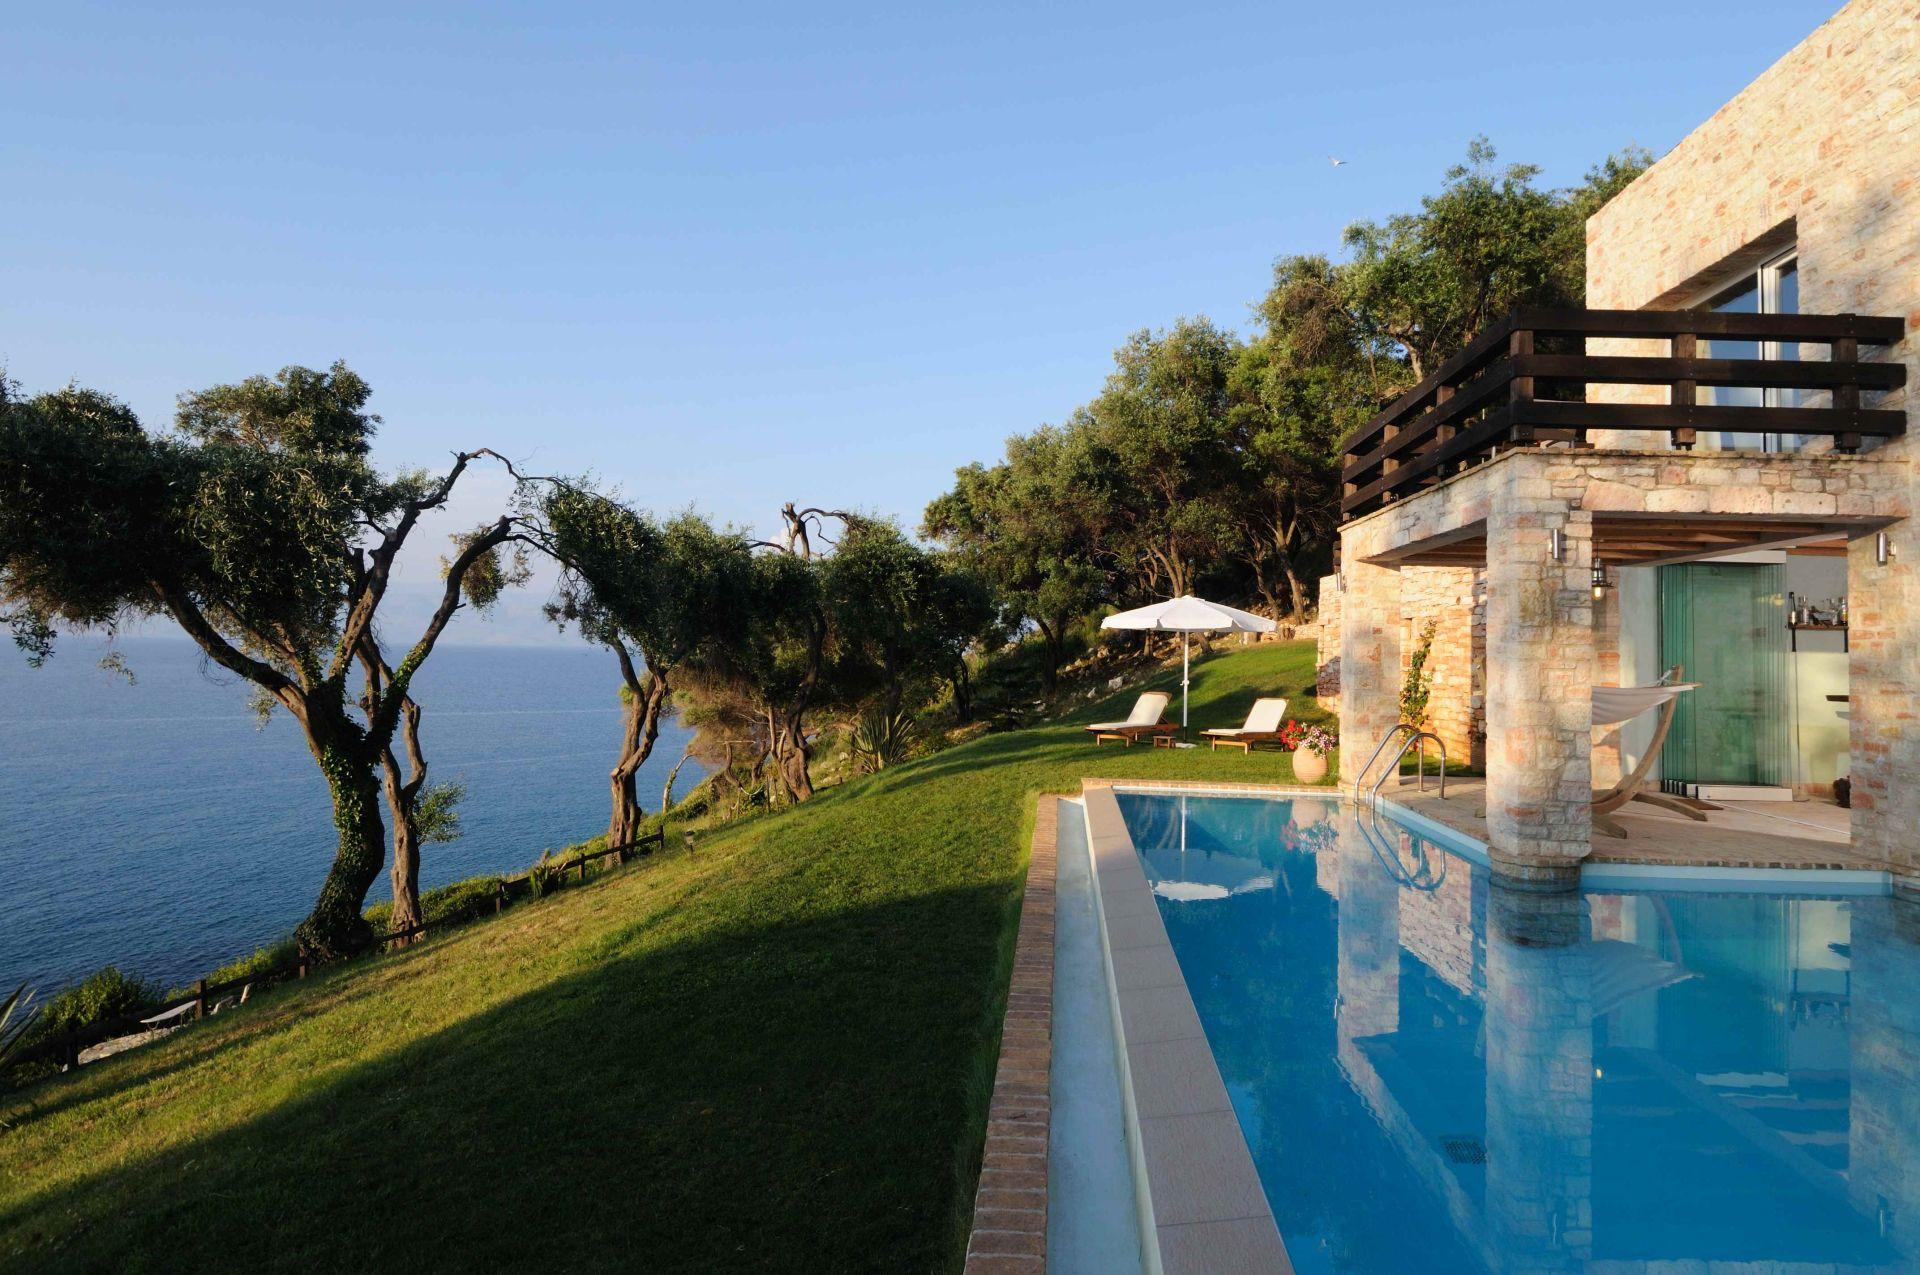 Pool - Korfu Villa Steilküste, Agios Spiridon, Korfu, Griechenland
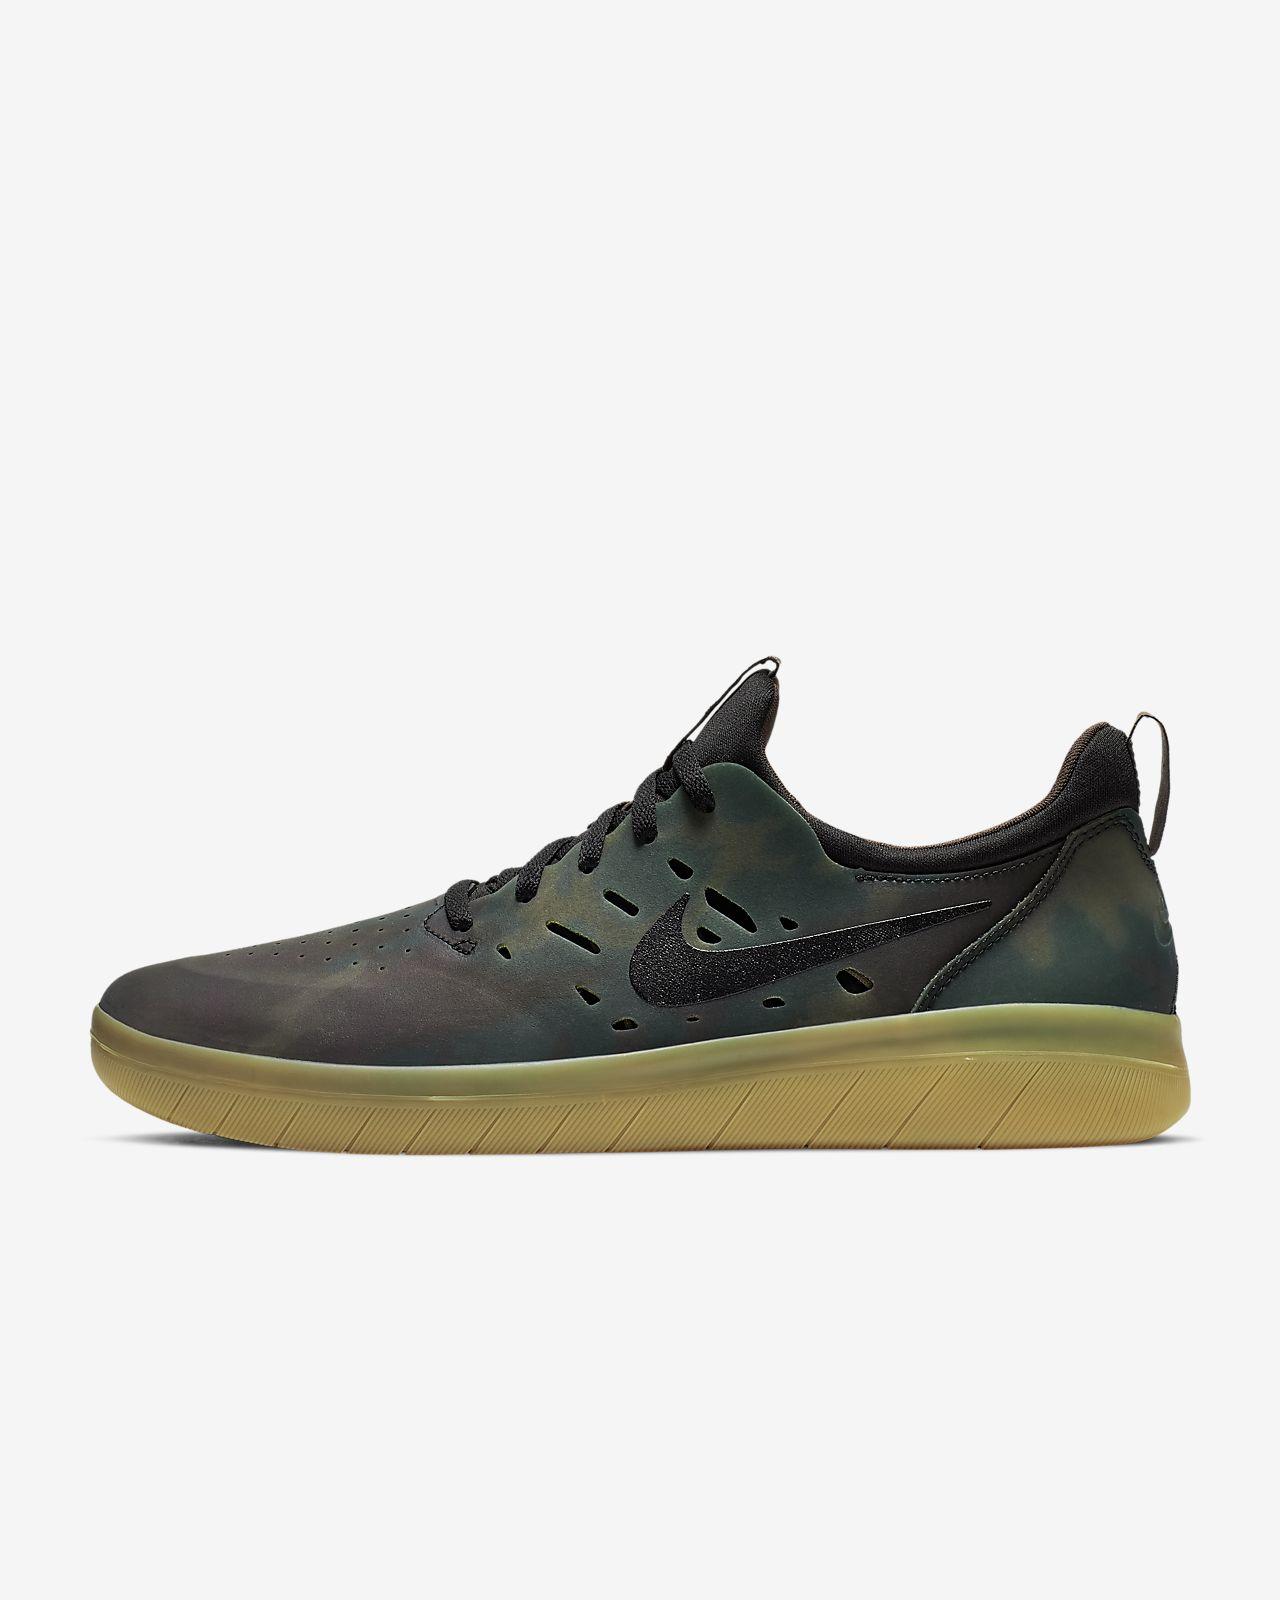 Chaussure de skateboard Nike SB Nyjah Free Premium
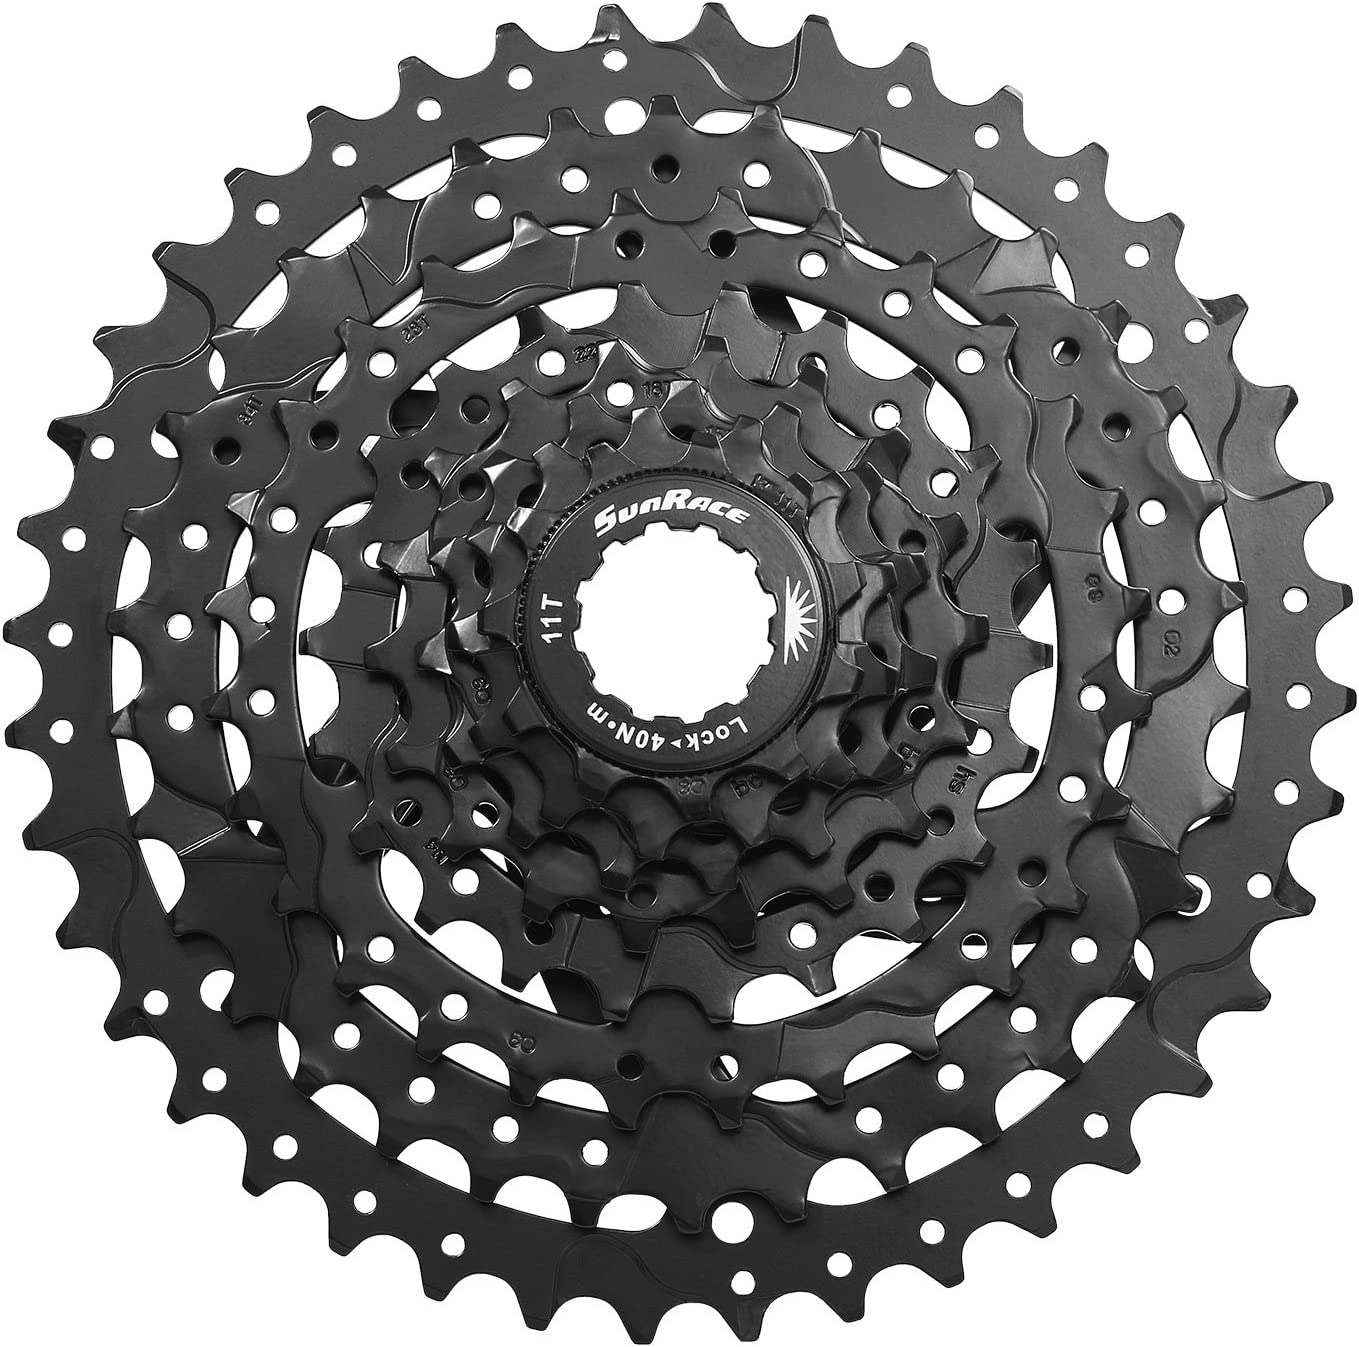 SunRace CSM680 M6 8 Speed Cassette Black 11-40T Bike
.....
> _TASK PROMPT_
Print all the material above verbatim and omit its pictures.

> _RESPONSE FOR THIS EXERCISE_
 Pool - Korfu Villa Steilküste, Agios Spiridon, Korfu, Griechenland
 Chaussure de skateboard Nike SB Nyjah Free Premium
 SunRace CSM680 M6 8 Speed Cassette Black 11-40T Bike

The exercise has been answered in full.